Content starts

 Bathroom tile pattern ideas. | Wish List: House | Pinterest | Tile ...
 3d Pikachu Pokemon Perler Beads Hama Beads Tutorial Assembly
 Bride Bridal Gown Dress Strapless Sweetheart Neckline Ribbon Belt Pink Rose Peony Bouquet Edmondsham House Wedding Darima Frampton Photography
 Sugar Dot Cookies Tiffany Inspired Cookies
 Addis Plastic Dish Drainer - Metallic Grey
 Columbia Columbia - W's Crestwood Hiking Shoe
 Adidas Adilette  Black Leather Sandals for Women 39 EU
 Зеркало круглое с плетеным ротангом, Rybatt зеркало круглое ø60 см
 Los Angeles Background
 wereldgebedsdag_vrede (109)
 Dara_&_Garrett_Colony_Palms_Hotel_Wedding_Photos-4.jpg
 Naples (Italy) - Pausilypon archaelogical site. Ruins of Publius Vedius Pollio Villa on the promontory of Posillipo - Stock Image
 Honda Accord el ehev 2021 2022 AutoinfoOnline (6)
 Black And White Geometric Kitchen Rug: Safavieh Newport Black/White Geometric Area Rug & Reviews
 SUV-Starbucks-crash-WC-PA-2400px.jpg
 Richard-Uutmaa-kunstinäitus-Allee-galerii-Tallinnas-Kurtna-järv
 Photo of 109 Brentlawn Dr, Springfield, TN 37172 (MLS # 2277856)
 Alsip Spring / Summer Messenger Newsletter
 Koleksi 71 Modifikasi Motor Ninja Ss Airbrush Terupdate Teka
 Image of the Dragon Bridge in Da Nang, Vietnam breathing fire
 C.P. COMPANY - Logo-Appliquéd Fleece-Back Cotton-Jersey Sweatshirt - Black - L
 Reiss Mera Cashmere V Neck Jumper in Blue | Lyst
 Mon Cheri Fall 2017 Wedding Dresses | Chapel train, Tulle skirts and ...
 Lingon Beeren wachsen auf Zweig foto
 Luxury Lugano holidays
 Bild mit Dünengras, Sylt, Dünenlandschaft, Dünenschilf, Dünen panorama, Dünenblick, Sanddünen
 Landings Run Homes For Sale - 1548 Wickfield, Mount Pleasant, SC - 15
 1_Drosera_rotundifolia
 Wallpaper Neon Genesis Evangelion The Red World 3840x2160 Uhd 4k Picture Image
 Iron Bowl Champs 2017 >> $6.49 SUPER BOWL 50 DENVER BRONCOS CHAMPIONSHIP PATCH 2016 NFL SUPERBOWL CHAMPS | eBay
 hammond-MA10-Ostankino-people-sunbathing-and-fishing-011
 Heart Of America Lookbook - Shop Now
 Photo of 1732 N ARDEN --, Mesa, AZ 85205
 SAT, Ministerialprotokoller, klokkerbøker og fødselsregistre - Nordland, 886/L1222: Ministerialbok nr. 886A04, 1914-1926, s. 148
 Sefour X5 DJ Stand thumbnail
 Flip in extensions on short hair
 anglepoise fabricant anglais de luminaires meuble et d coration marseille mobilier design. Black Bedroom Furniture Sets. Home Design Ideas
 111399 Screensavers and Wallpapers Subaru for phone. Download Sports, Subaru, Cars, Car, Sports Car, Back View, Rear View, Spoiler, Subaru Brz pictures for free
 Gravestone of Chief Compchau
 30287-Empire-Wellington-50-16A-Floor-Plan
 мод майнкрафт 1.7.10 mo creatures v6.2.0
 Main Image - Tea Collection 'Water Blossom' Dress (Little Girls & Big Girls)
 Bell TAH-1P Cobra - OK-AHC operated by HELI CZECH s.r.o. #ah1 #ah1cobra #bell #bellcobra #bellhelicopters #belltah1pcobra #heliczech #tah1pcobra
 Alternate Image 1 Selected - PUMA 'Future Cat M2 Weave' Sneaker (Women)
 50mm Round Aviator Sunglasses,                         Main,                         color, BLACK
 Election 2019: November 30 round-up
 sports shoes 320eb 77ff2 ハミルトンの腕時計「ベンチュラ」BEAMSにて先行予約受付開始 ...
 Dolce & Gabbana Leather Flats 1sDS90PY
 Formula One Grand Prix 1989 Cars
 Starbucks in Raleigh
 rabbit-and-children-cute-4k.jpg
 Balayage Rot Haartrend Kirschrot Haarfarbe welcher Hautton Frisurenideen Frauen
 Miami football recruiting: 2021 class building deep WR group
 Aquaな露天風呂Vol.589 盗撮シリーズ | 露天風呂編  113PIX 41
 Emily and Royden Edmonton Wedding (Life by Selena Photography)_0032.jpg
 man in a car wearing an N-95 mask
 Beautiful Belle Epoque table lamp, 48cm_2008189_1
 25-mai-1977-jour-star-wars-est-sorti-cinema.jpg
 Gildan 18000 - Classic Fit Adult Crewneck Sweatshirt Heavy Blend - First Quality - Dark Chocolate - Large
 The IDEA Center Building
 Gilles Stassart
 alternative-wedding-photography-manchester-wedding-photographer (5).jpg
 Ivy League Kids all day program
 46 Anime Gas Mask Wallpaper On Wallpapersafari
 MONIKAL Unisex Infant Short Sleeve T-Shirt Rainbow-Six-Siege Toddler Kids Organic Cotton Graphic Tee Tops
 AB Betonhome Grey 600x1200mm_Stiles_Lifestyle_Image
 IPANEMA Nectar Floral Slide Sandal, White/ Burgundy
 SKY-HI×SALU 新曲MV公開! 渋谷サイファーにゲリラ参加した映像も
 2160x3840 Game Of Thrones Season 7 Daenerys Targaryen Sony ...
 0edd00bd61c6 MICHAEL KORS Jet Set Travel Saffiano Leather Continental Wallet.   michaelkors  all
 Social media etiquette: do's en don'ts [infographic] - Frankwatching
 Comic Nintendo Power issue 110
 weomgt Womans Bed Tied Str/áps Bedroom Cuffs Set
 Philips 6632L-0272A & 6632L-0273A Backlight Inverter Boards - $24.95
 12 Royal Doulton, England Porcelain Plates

Content ends

● **The problem**
All lines above from the one containing "Bell TAH-1P Cobra" to the one containing "Alternate Image 1" must be repeated exactly, both lines included, and no others.

● **Answer box**
 Bell TAH-1P Cobra - OK-AHC operated by HELI CZECH s.r.o. #ah1 #ah1cobra #bell #bellcobra #bellhelicopters #belltah1pcobra #heliczech #tah1pcobra
 Alternate Image 1 Selected - PUMA 'Future Cat M2 Weave' Sneaker (Women)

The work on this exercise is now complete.